2.4 Creating a generic function for finding subject intersections
Now that we've solved this problem, let's try to make it more generic so that we can use it for other pairs of subjects.
We can re-use a lot of the code we've already written, and wrap it in a couple of reusable function definitions.
def get_subject_results(subject):
response = requests.get(
base_url + "works",
params={
"subjects.label": subject,
"include": "subjects",
"pageSize": "100",
},
).json()
progress_bar = tqdm(total=response["totalResults"])
results = response["results"]
progress_bar.update(len(response["results"]))
while "nextPage" in response:
response = requests.get(response["nextPage"]).json()
results.extend(response["results"])
progress_bar.update(len(response["results"]))
progress_bar.close()
return results
def find_intersecting_subject_concepts(subject_1, subject_2, n=20):
subject_1_results = get_subject_results(subject_1)
subject_2_results = get_subject_results(subject_2)
subject_2_ids = set(result["id"] for result in subject_2_results)
intersecting_results = [
result for result in subject_1_results if result["id"] in subject_2_ids
]
concepts = Counter()
for record in intersecting_results:
for subject in record["subjects"]:
for concept in subject["concepts"]:
concepts.update([concept["label"]])
return concepts.most_common(n)
Calling the find_intersecting_subject_concepts()
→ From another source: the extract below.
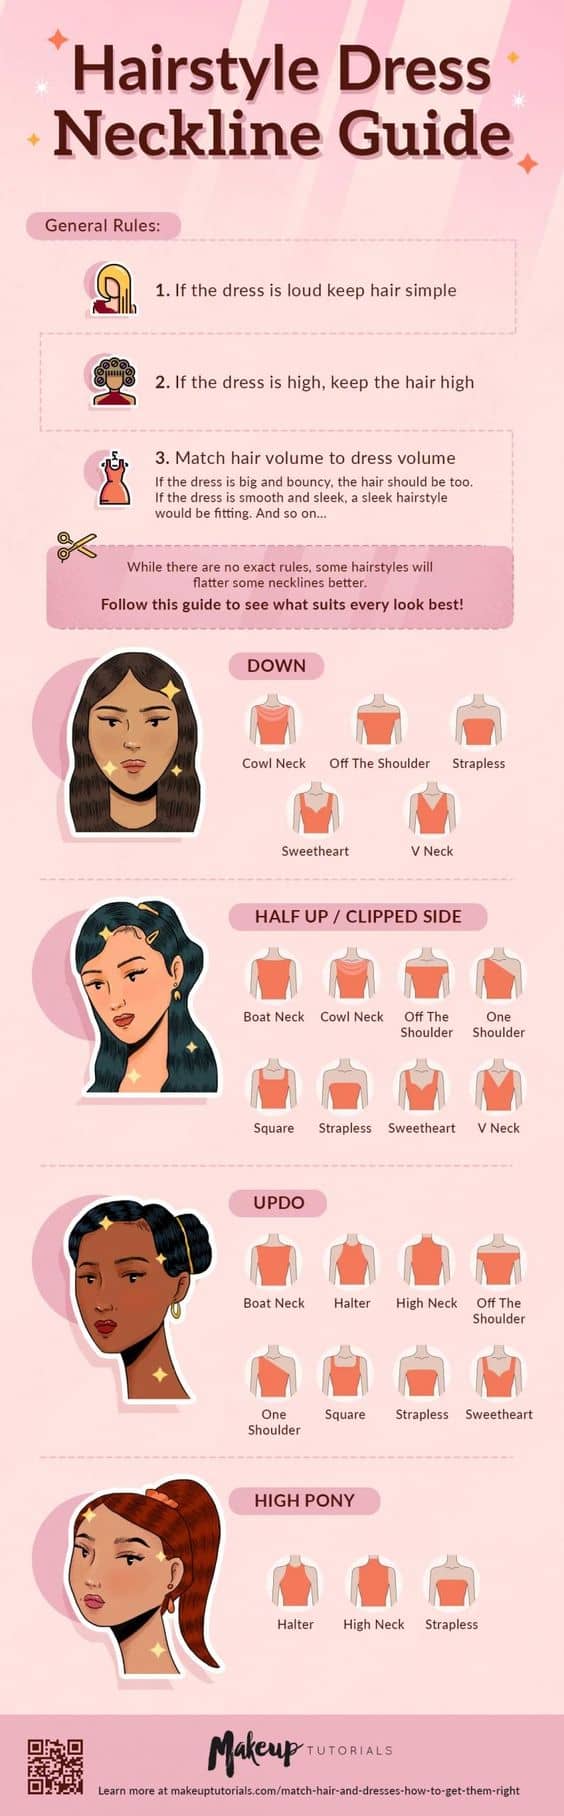 A Chic Guide To Matching Your Hair To Your Dress | Daily Infographic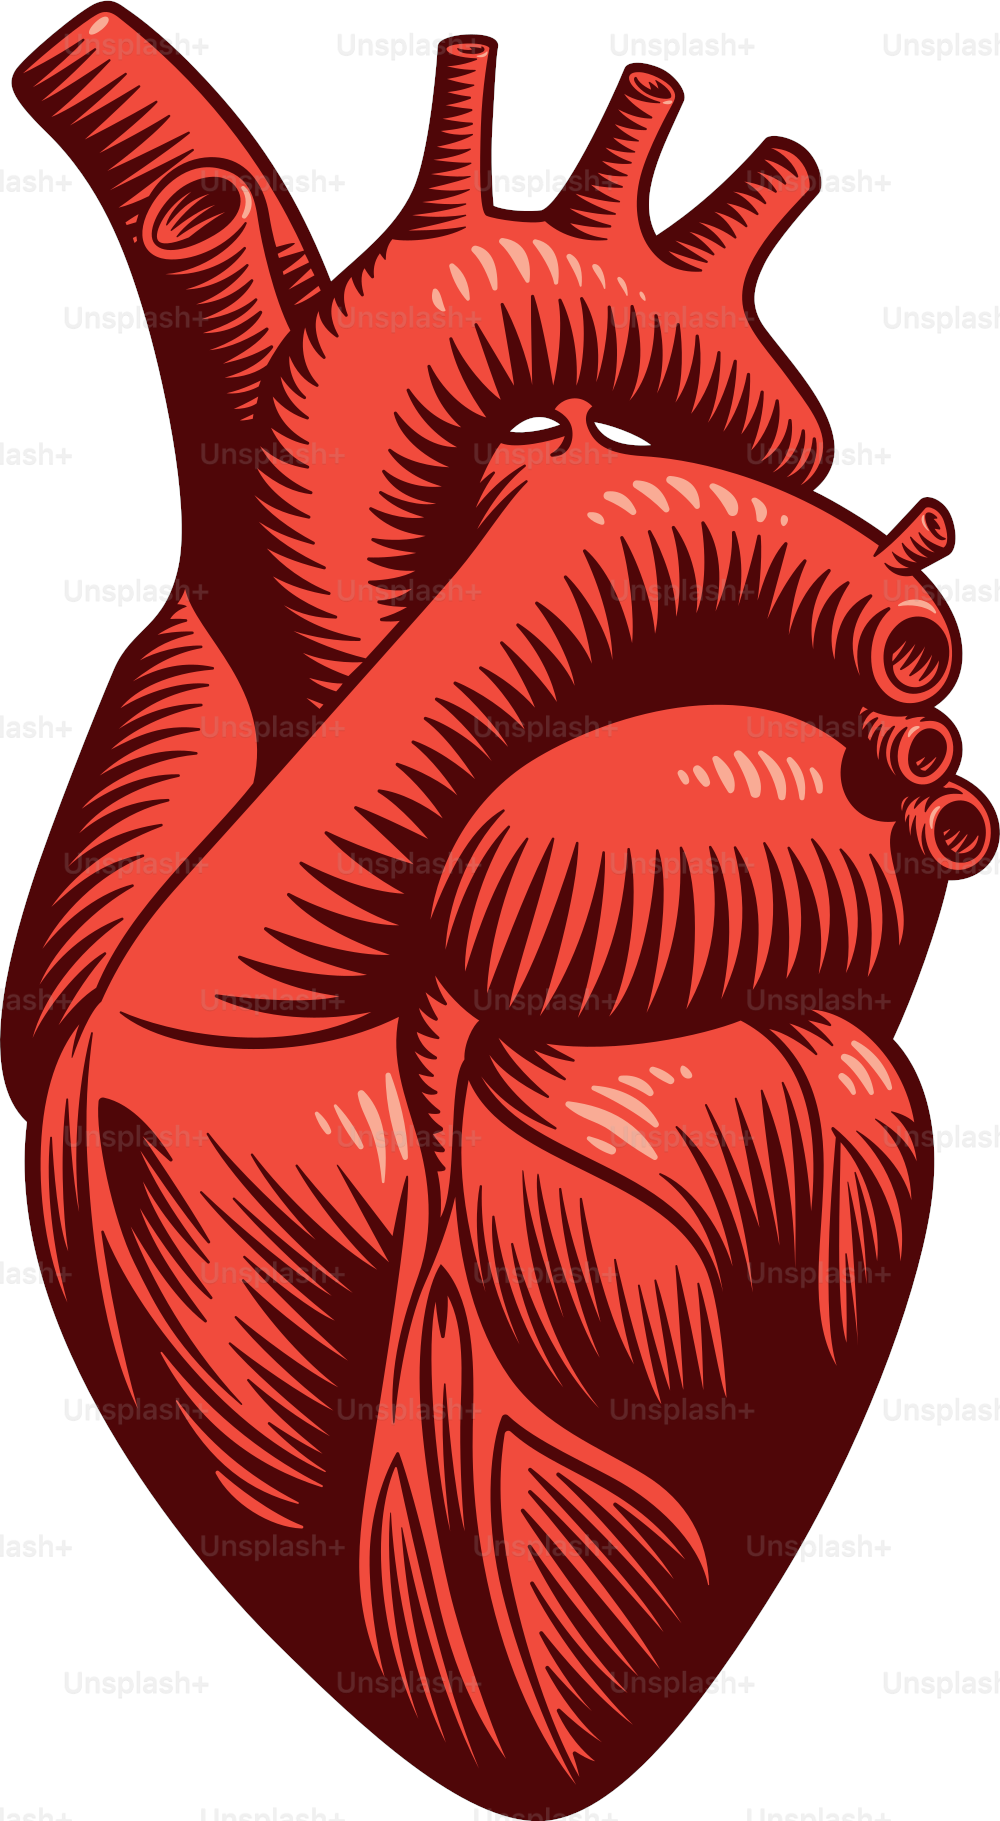 Vector, tattoo style illustration of a heart

function with any two subjects will return a counter of the most common concepts found on the works which are tagged with both subjects.
find_intersecting_subject_concepts("Europe", "United States")
find_intersecting_subject_concepts("Vomiting", "Witchcraft")
Exercises
- Try running the function with different subjects. Use the API to find two subjects which appear on a few hundred or a few thousand works, and see if you can find the most common concepts which appear on both of them.
- Adapt the code to compare an arbitrary number of subjects, rather than just two.